Lua definitely seems to be more widely-used, at least outside Japan.
I've used Ruby and Lua for about 15 years now, and looked at mruby (and possibly used it, I don't remember) about 10 years ago. Having little else to contribute to society anymore, perhaps my insight on these two languages might be of some use to some.
IIrc, Matz designed Ruby as a pet passion project, and its design was reactionary against excessiveness found in other languages, hence its minimalism in arguably excessive syntax and notation. Otoh, Tegcraf designed Lua out of pure necessity, adding only the features needed to satisfy its clients' needs.
In my opinion, necessity always leads to the better product than desire, hence C is still unbeat, having been formed under similar circumstances. Lua's C API is copied by nearly every other embeddable scripting language, including (I think) mruby. Yet they were the first to come up with it, a testament to their creativity under pressure.
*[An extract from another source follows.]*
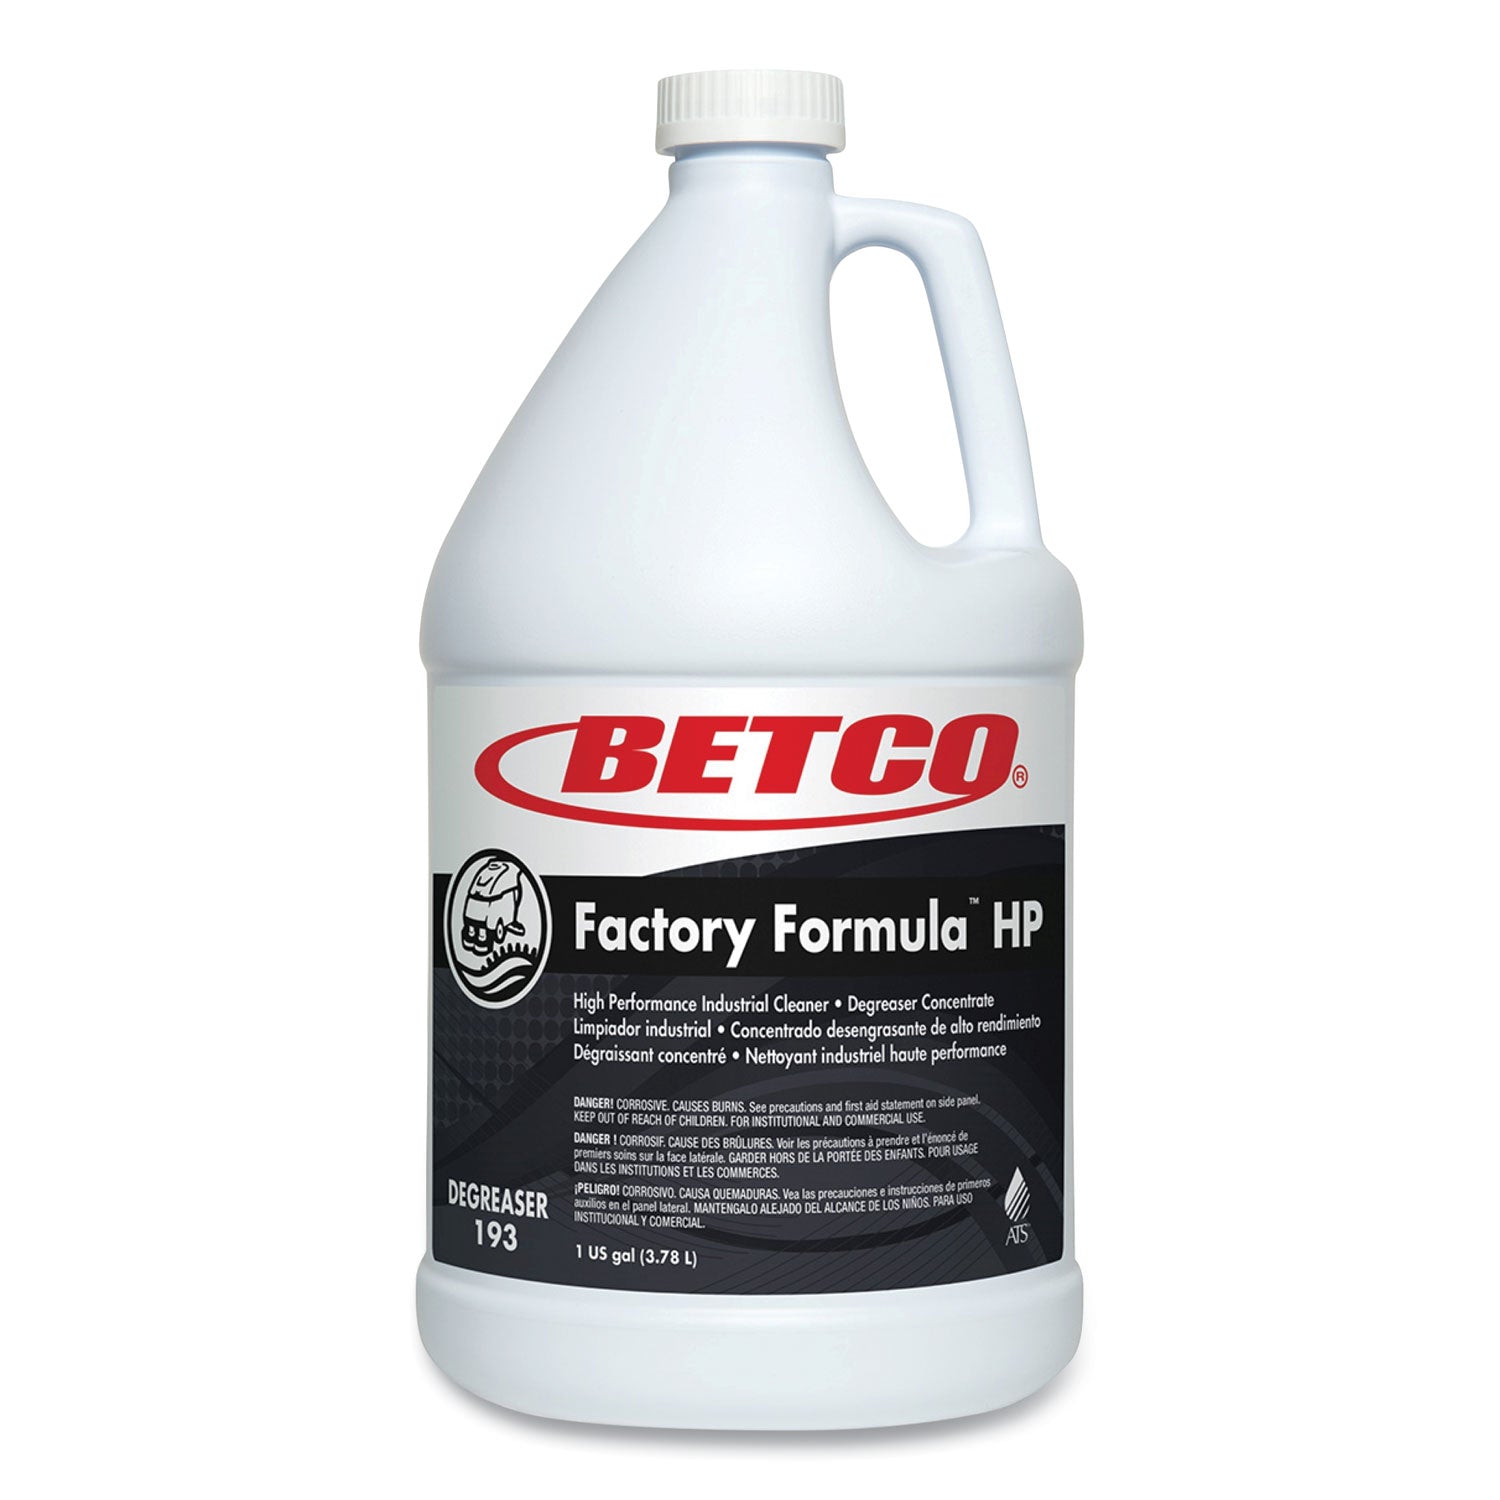 factory-formula-hp-cleaner-degreaser-1-gal-bottle-4-carton_bet1930400 - 1

Ruby (and mruby) takes the Smalltalk approach, and asks, what if everything was an object and every function call is a method call? Lua takes a less extreme approach, and merely asks, what if every data structure was built on a hashmap?
Other than that, Lua takes a very minimal approach, having break/goto but not continue, if/elseif but not switch, metamethods but not inheritance. It gets to 90% of the functionality of JavaScript with 10% of the spec and 1% of the code. You can read the entire Lua manual in one Saturday. You can read its grammar in under five minutes.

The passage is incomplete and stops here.